The tectonic framework of the Loppa High region is dominated by two conjugate lineament systems that trend north-west to south-east and north-east to south-west. At the southern end of the Loppa High these two systems converge to provide a complex of down-thrown terraces to the west, and a subsidiary structural ridge with adjacent depositional centres.  The Upper Cretaceous fans are clearly defined on the 3D dataset, often with bright amplitudes, and are seen to fill the lows in between and around the two high areas.

The excellent quality of the new data allows for good definition of the fan bodies, which can be mapped by amplitude extractions of the key Cretaceous section. The fans themselves appear to vary in gross thickness from 30-100m.

In addition to clear evidence of these fan systems, the seismic data provides considerable evidence of hydrocarbon presence in the form of gas clouds and direct hydrocarbon indicators. These are typically associated with deep-seated faulting.

Hydrocarbon Potential

Seismic line illustrating thickness of sediment in source kitchen with gas clouds and DHIs.Vrms amplitude extraction maps illustrating fan bodies and inferred transport direction.With no hydrocarbons proven in this play to date, there are obvious risks and questions. Aside from the presence and quality of the reservoir, the main issues revolve around the migration of hydrocarbons into a reservoir and whether the result is likely to be oil or gas.   Within the Barents Sea today, the two proven petroleum systems are of Triassic (Kobbe/Steinkobbe) age and Upper Jurassic (Hekkingen) age. Shale of the former is of high quality at outcrop on Svalbard (3-6% TOC), but in offshore wells drilled to date is generally of poorer quality at 1-3%. The Hekkingen shale is a rich source rock with TOC of 3-10%.

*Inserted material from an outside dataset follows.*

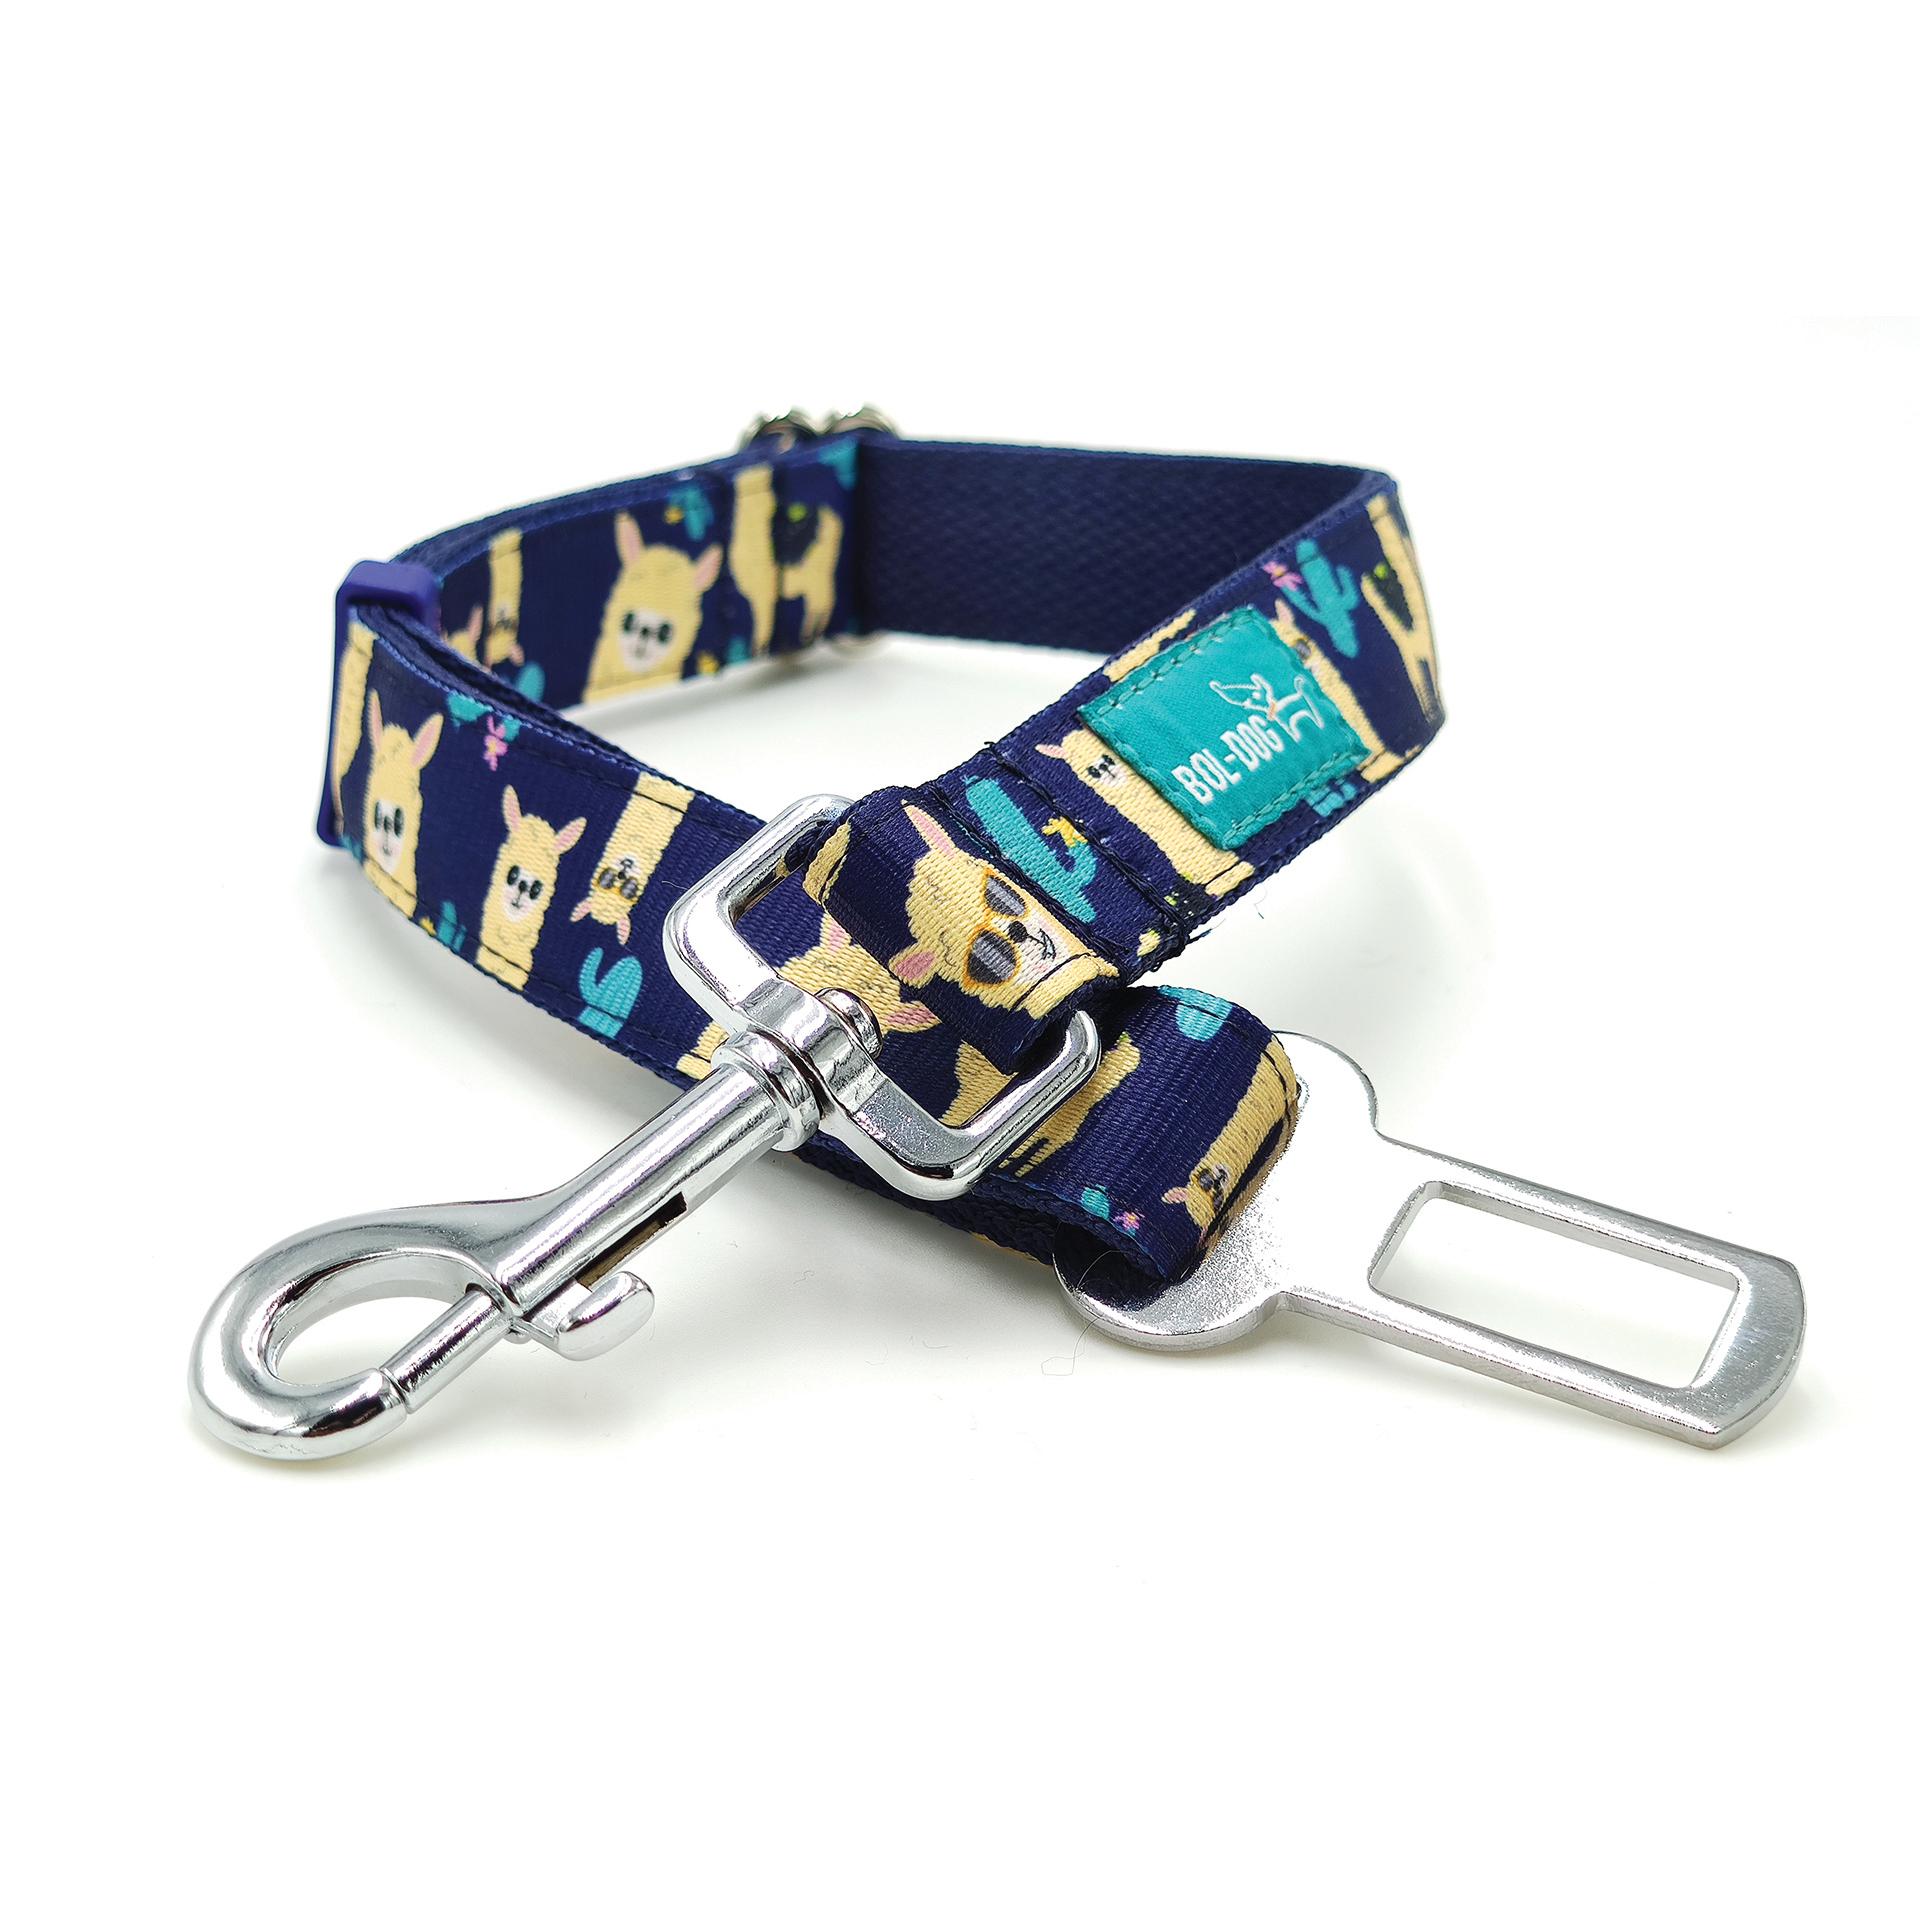 Lama safety belt

Within the Bjørnøya and Sørvestnaget basins in the southern part of the Barents Sea, rocks of this age are extremely deeply buried and have not been penetrated. Modelling predicts them to be in or through the gas window, and to have been through the oil window in the Cretaceous or early Tertiary.

However, thick, low-quality source rock intervals have been recognised within shales of the Knurr and Kolje Formations. TOCs are similar to the Kobbe at 1-3% and are considerably shallower within the western basins, seismic indicating depths of 2,000-4,000m.  Within well 7199/12-1 Kolje shale contains kerogen type III and has hydrogen indices up to 200mg HC/gTOC. Generally, the shales are gas prone but some intervals show promise of oil. A similar Upper Jurassic lean shale, the Verrill Canyon Formation, is the source rock for much of the gas found at the Sable Island Field, offshore Nova Scotia, Canada. There the rock has average TOCs of 1.25% and average hydrogen indices of 300mg/gTOC.

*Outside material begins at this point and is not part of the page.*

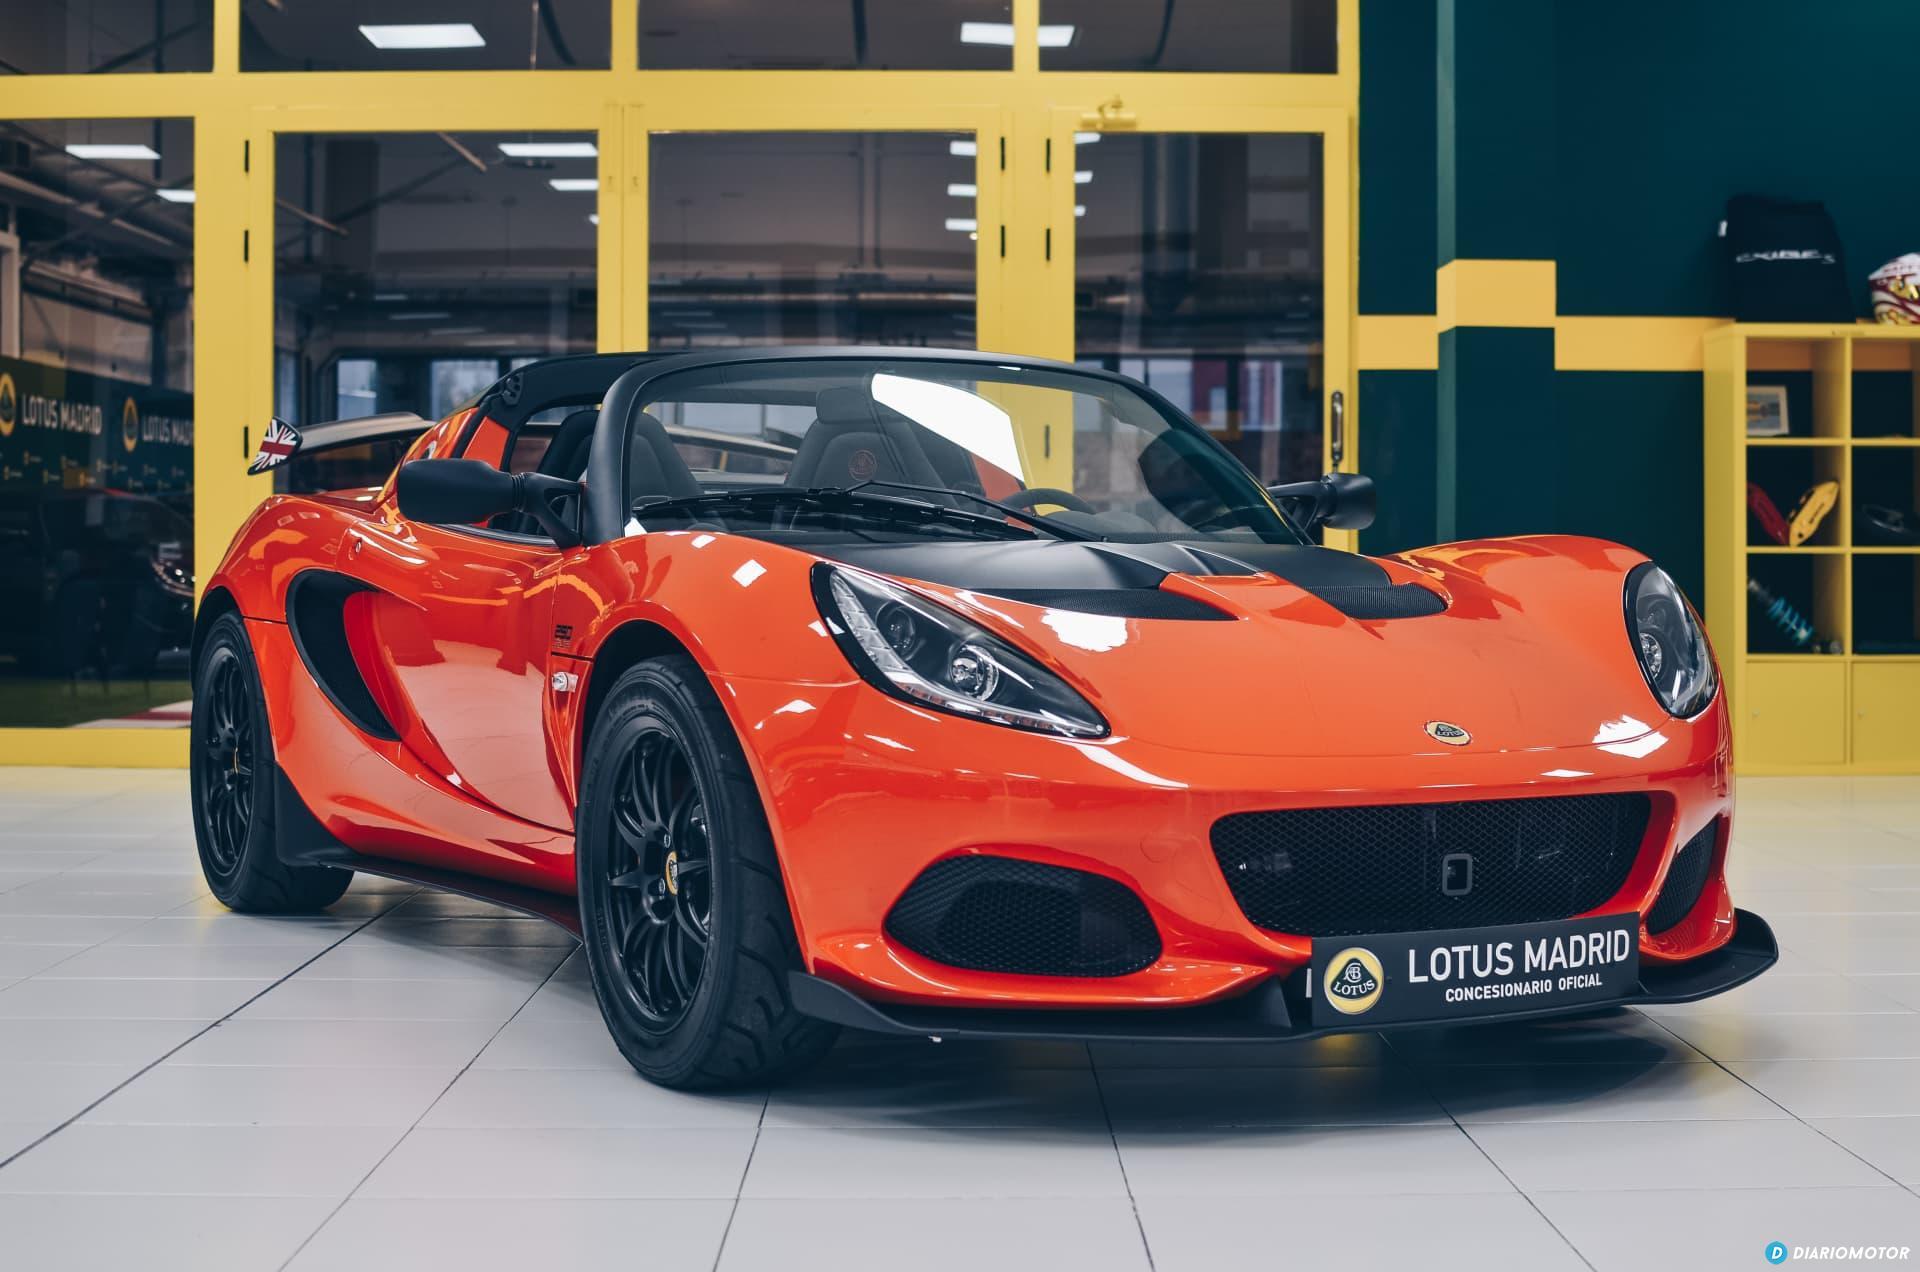 41e471737bd3 ¿Cuánto cuesta un Lotus en España  Estos son los precios del Lotus Elise

It would appear, therefore, that gas is likely to feature in any discoveries to be made. However, migration from the deeper Triassic/Jurassic sources – particularly along the flank of the Loppa High – occurred via faulting and fracturing. It is possible that early migrated oil could have been trapped in Cretaceous sands and still be present if the trap has not been breached.

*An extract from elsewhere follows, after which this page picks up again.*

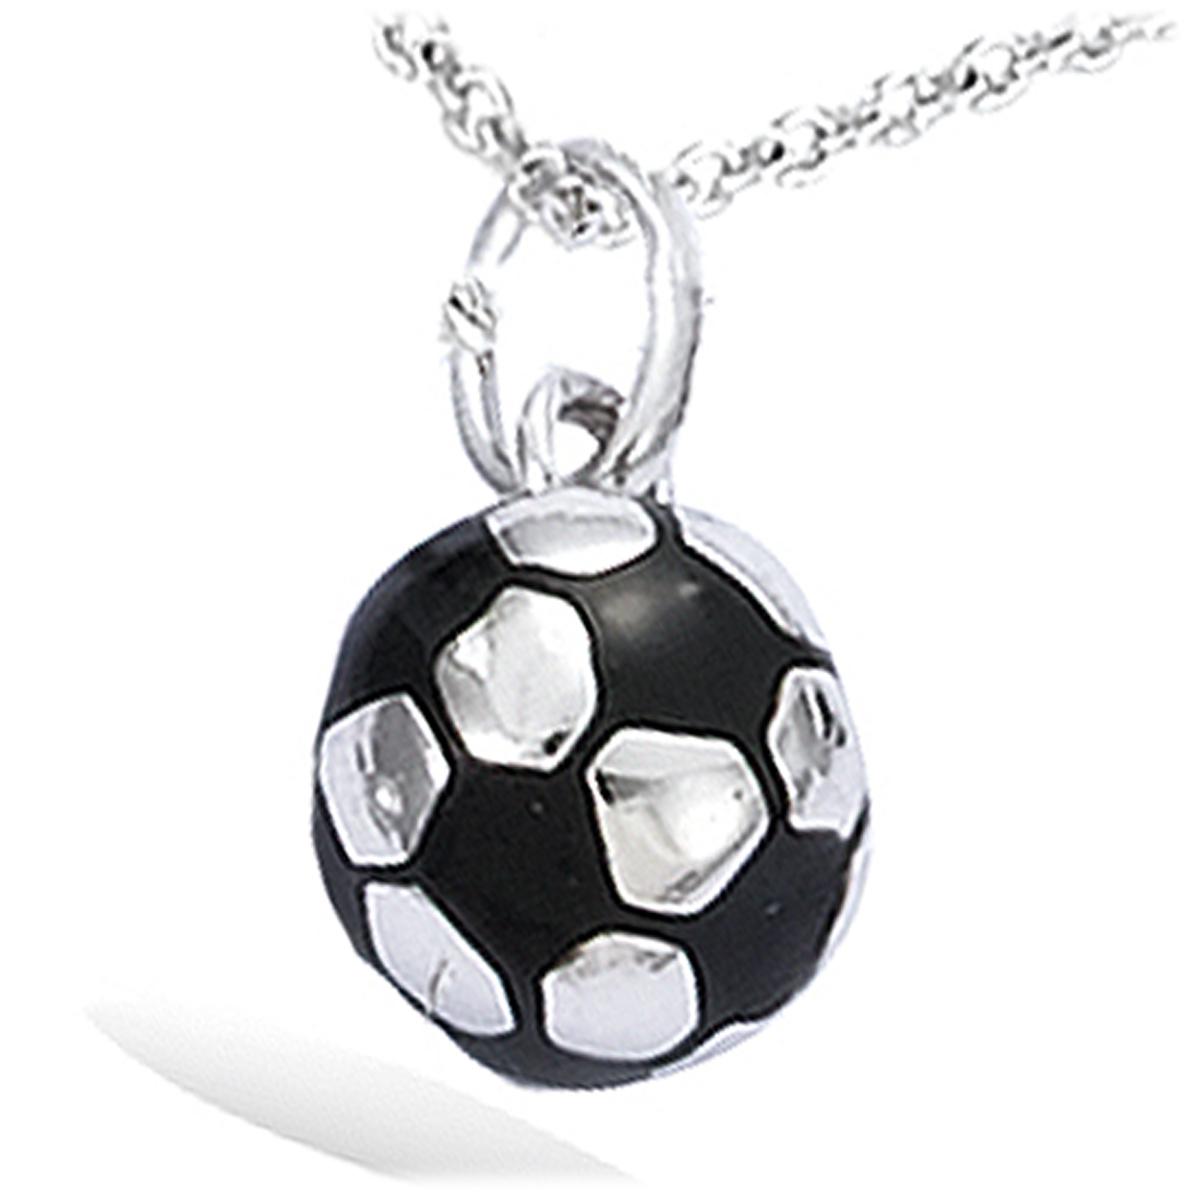 Pendentif Argent \'Football\' noir argenté (rhodié) - 10 mm - [C6930]

Untested Cretaceous Fan Play

Seismic line illustrating multiple fan systems.In conclusion, the WesternGeco 3D West Loppa dataset can be seen to have provided an insight into an untested Cretaceous submarine fan play within the Barents Sea region. Although drilling to date has yet to demonstrate the presence of reservoirs locally, the extensive nature of the fan systems provides a material opportunity. Taking a regional perspective, together with seismic evidence, it is  suggested that such targets could be expected within the sequence identified as Upper Cretaceous in age.There would appear to be strong evidence of a working petroleum system within the region, from both regional well control and seismic data. The critical issue is whether the play is gas-prone and, if so, what degree of oil potential exists.

By integrating the wells drilled to date, together with the extensive 3D seismic database available, a coherent and consistent geological model of the region can be established which will help further elucidate this intriguing frontier region.